Tuesday, July 23, 2013

Spot The Jesus -Day 2. In Difficult Relationships

Recently a husband was complaining bitterly about his wife’s attitude towards domestic activities while she complained about how rude he was at times when he wanted to correct her and even outrightly abusive at times. Demands of life and our expectations can sometimes leave us with little or no steam and vigour at times, temporarily we might not be the best friends or lovers. It’s easy to love other people when everything’s going well. But when there are hurt feelings, mistrust, or clashing wills, relationships don’t feel very much as though they are of God. Yet it is at just those times, that we can witness the movement of God in our lives, leading us to healing, trust, and cooperation. These can be opportunities to let go of character defects and to exercise virtues. 

When major family relationship problems are encountered, it’s common to attempt a control strategy. You try to get the other person to change. Sometimes this approach works, especially if your request and the other person are both reasonable. But many times it just leads to frustration because we need to work on ourselves.

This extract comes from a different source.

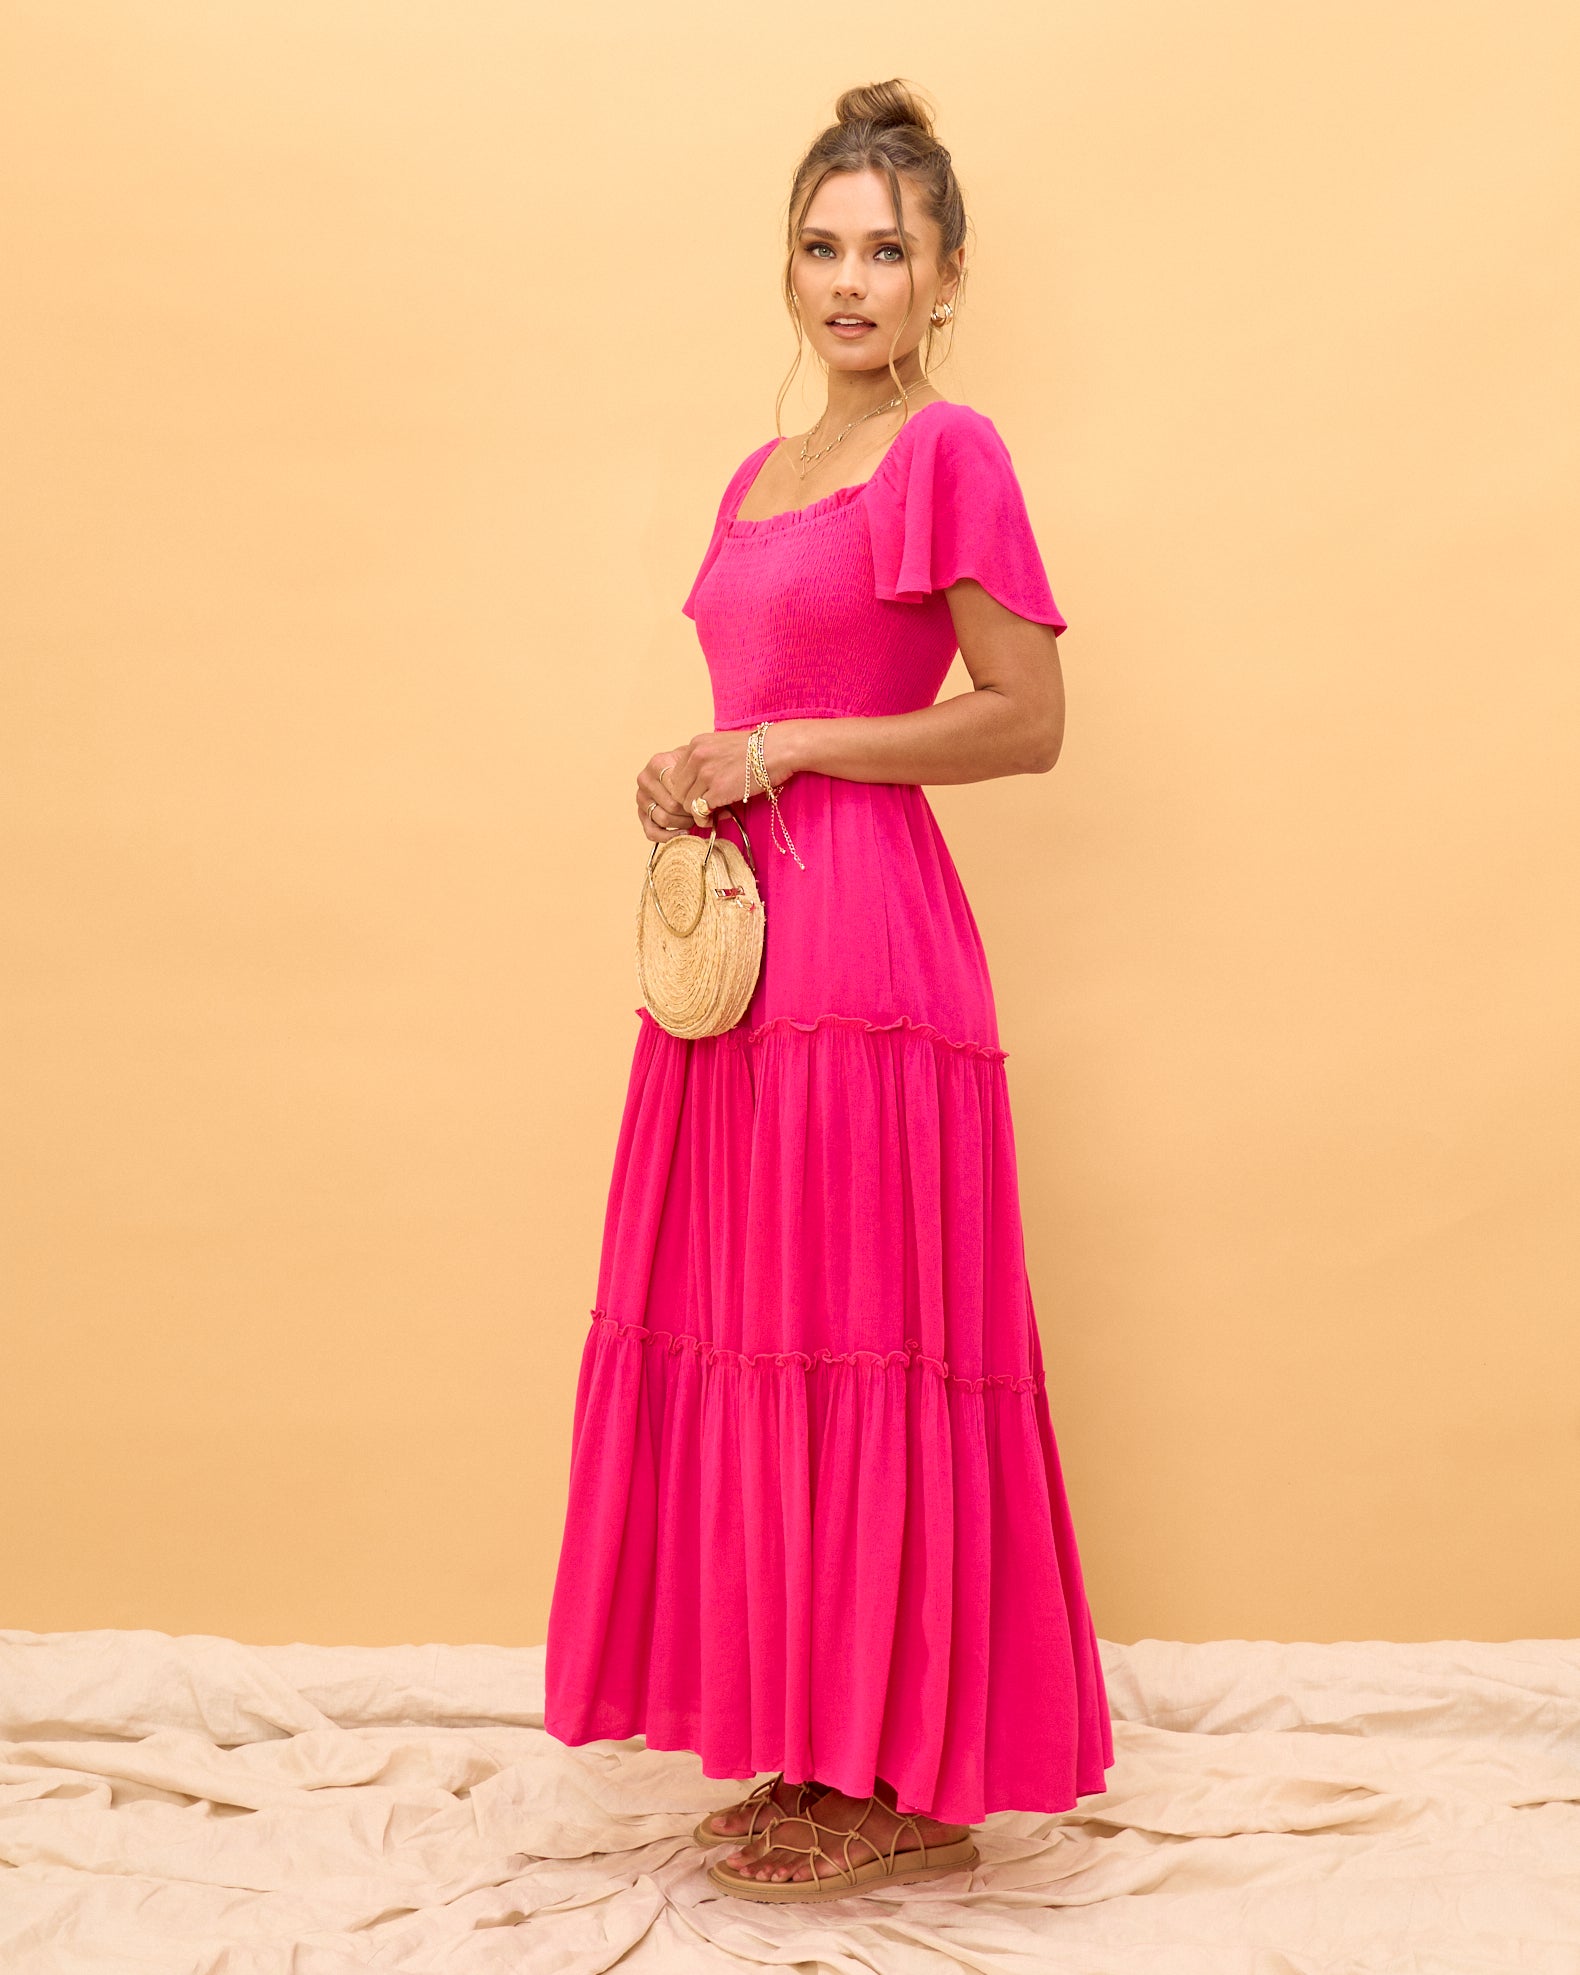 Deia Hot Pink Tiered Maxi Dress

An internal way of viewing relationship problems is that they reflect back to you a part of yourself that you dislike. If you have a negative external relationship situation, it’s a reflection of a conflict in your own thinking. As long as you keep looking outside yourself for the answer, you may never resolve the external problem. But once you start looking inside yourself for the problem, it may become easier to solve. I see this as a loving way the Father corrects things in us and conform us into his image.

You may be wondering how anything positive could possibly come from your hurting marriage. The apostle Paul wrote, "We know that God causes all things to work together for good to those who love God, to those who are called according to His purpose" (Romans 8:28). Christian marriage is not exempt from this principle. Just as we are called to sacrifice in our spiritual walk, we are also called to endure some things for the sake of righteousness.

God is using these sufferings to bring you to deeper faith and repentance. Difficult times always bring us to our knees. They remind us that we are not in control, and only God is. During this experience you should be asking yourself, "How much of my suffering in this situation is caused by my own sin?" Prayer and reading Scripture will deepen your relationship with Him as you learn to trust in His sovereign control. Hard times give us a greater compassion for others going through tribulations.

Even though we can seldom see how God uses difficult relationships for our future benefit, He has promised to use them for good, and He is faithful to keep His word.